Delhi gang-rape trial: Male companion of woman killed in attack arrives in court to give evidence

 

Pushed in a wheelchair and his leg wrapped in a blue bandage, the male friend of the Indian student who was gang-raped and left for dead went to court to confront the five men charged with her murder and to testify against them.

Awindra Pandey, the 28-year-old companion of the physiotherapy student, was wheeled into the court in south Delhi by his father. Mr Pandey, an IT professional declined to speak to the media but his father told the AFP: “My son will go to any lengths to ensure that the guilty are punished. He will cooperate and is prepared to answer any questions posed by the defence.”

Mr Pandey, who suffered serious injuries as he tried to protect the young woman who was repeatedly raped and assaulted, was the first of up to 80 witnesses expected to reveal what they heard or saw on December 16 last year when the couple were attacked after leaving the cinema and boarding a bus. The testimony of the young woman, who spoke with police before she died two weeks after the attack, will also comprise part of the prosecution’s case.

The media has been banned from attending the hearing, taking place just a few hundred metres from the cinema complex where the pair had watched the Life of Pi film before boarding the bus they had believed would drop them home. But courtroom 305 is a modestly sized room and it would have been difficult for Mr Pandey not to have seen the five accused, who were taken into the court by police with their faces covered.

After the lunch interval, Mr Pandey was taken to the car-park of the court where he was asked to identify the white bus on which the attack is said to have taken place. Accompanied by police, the lawyers of the five accused and a trailing crowd of reporters, Mr Pandey spent around 10 minutes looking at the vehicle, which bore the name and the phone number of the owner, Dinesh Yadav.
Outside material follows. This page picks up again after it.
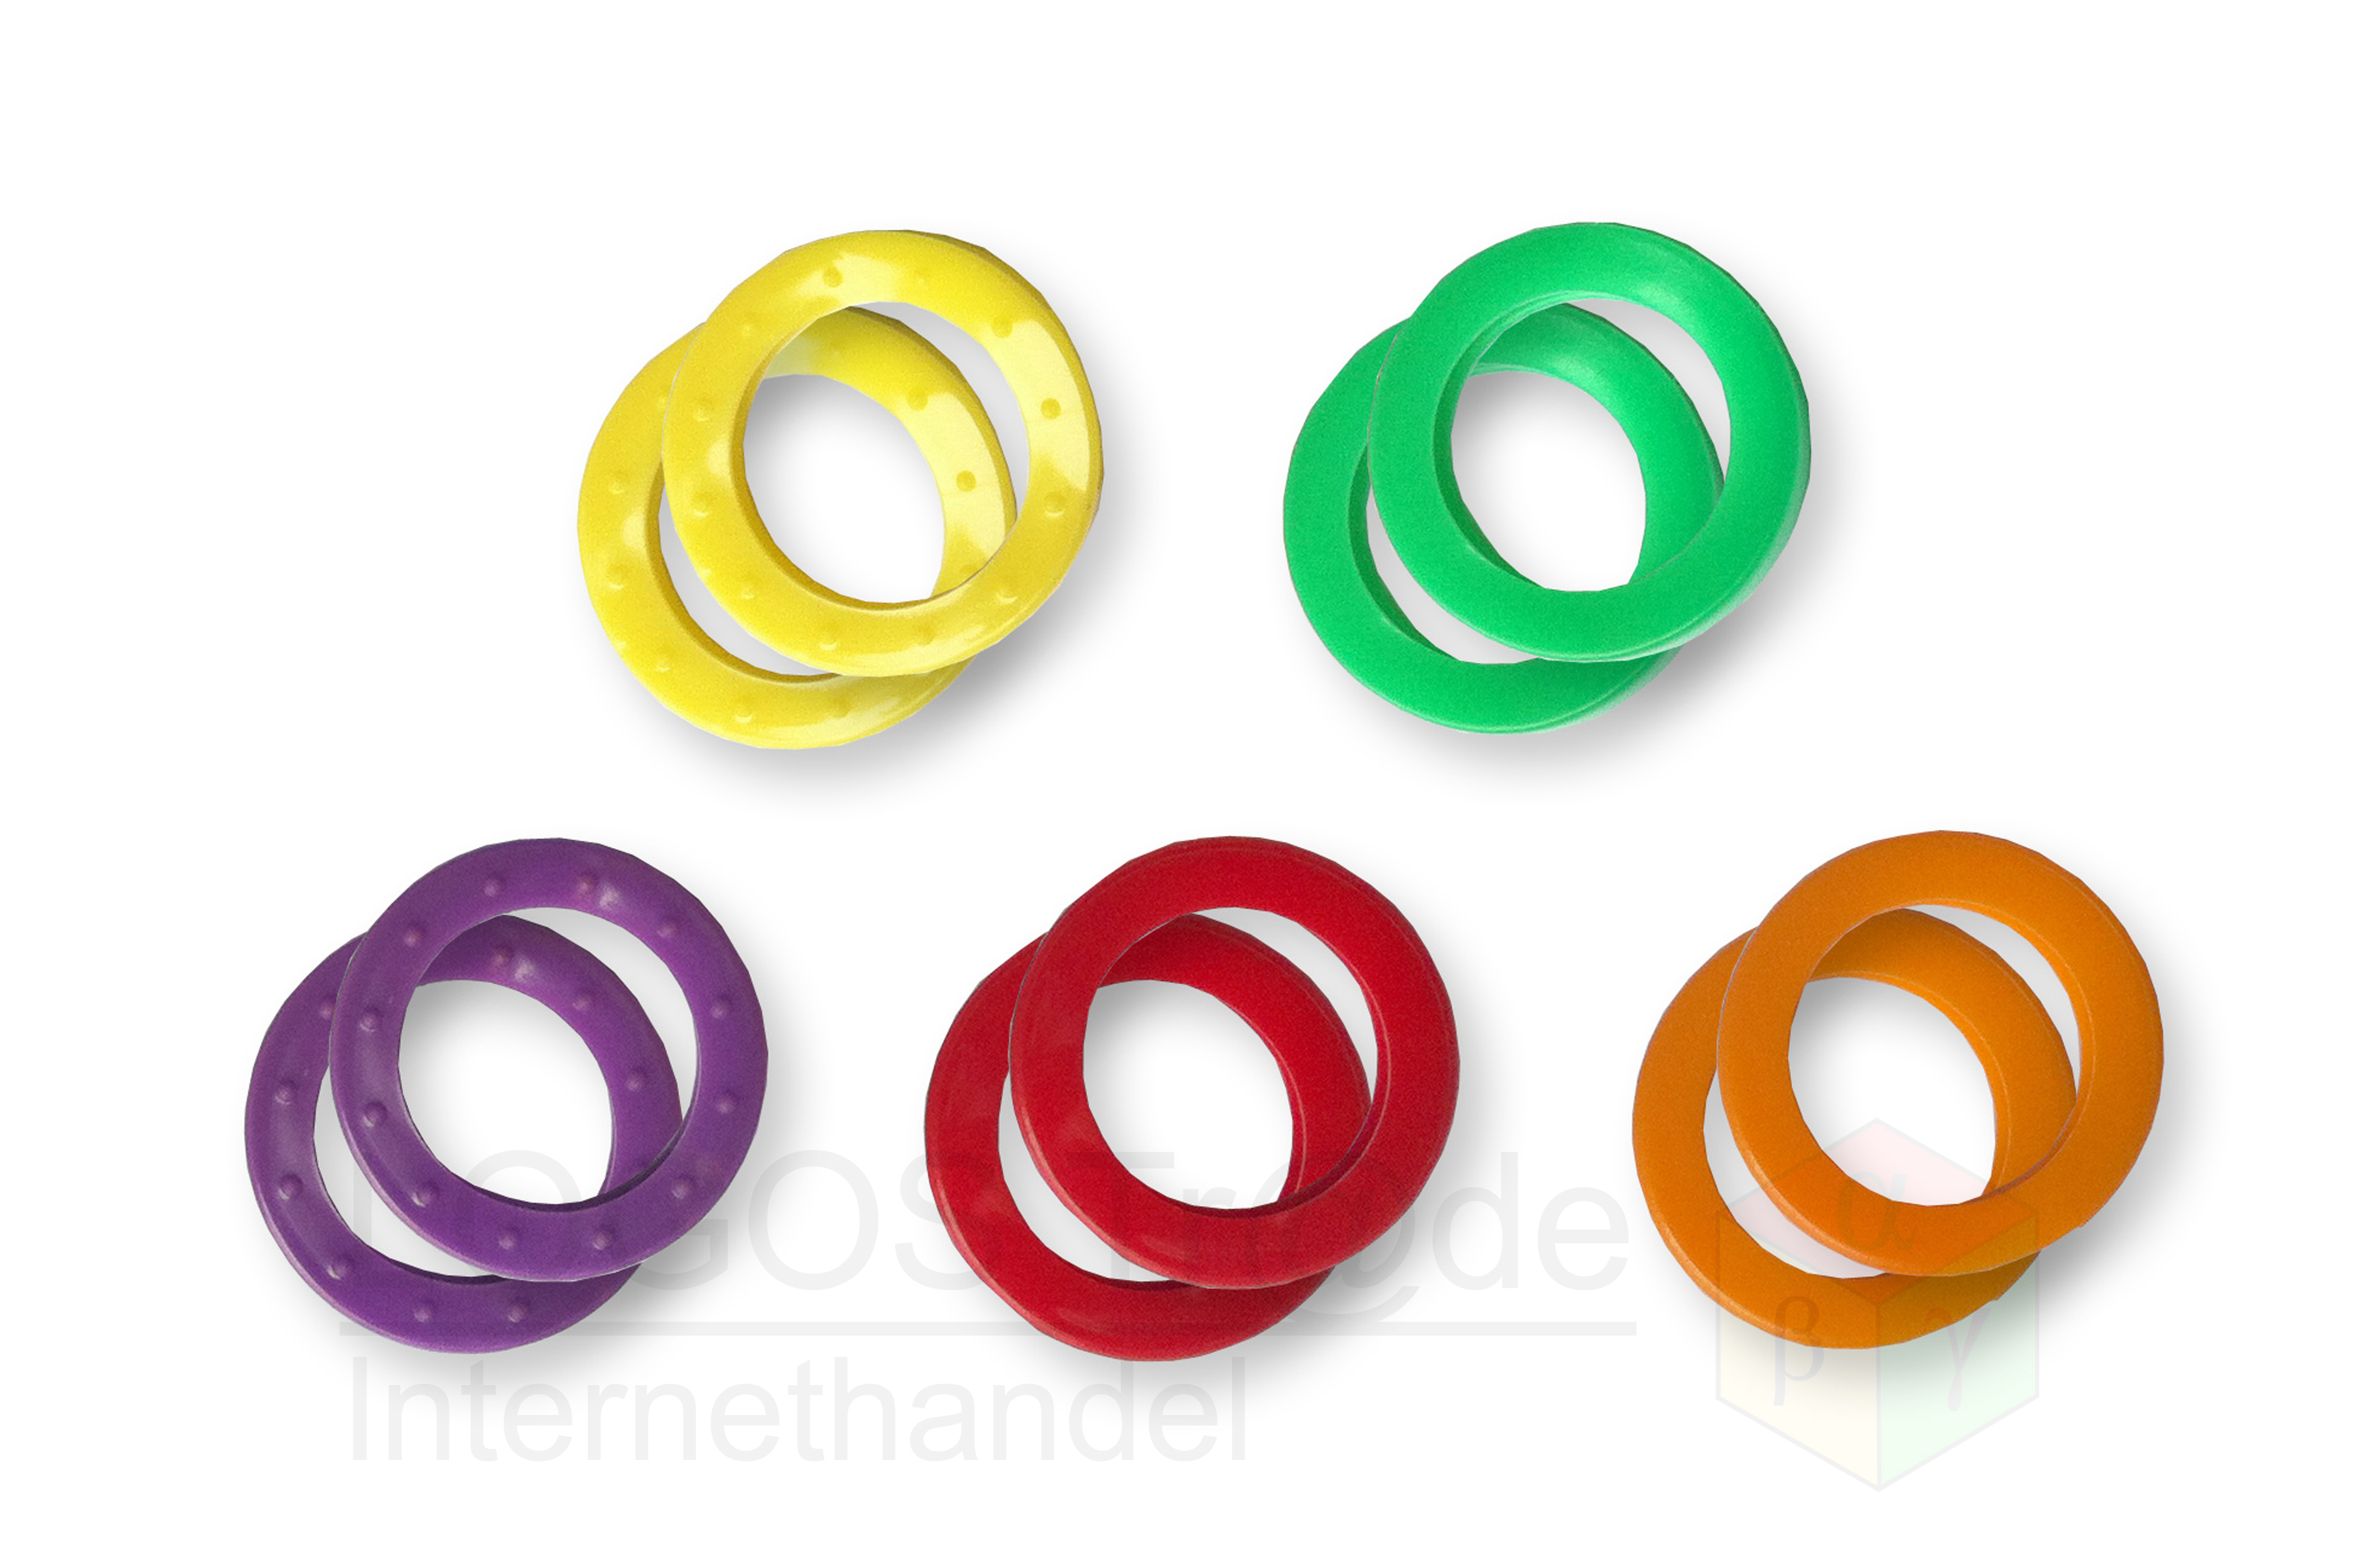 10 Schlüsselkennringe (rund), Ø ca. 24mm: 2 x gelb, 2 x grün, 2 x violett, 2 x rot, 2 x orange

The 23-year-old medical student died in a Singapore hospital on December 29 from massive internal injuries she sustained during the two hour assault aboard a bus a fortnight earlier. The case triggered an outcry across the country and sparked a rare examination of the treatment of women.

Five men have been accused of rape and murder. They have all denied the allegations. A sixth male accused, who is aged 17, is being dealt with by a juvenile court.

Mr Pandey, a software specialist, was the first prosecution witness at the special fast track court in Saket, one of half-a-dozen such tribunals that were established in the aftermath of the attack. In addition to the ban on the media, lawyers for the accused have been told not to speak to reporters.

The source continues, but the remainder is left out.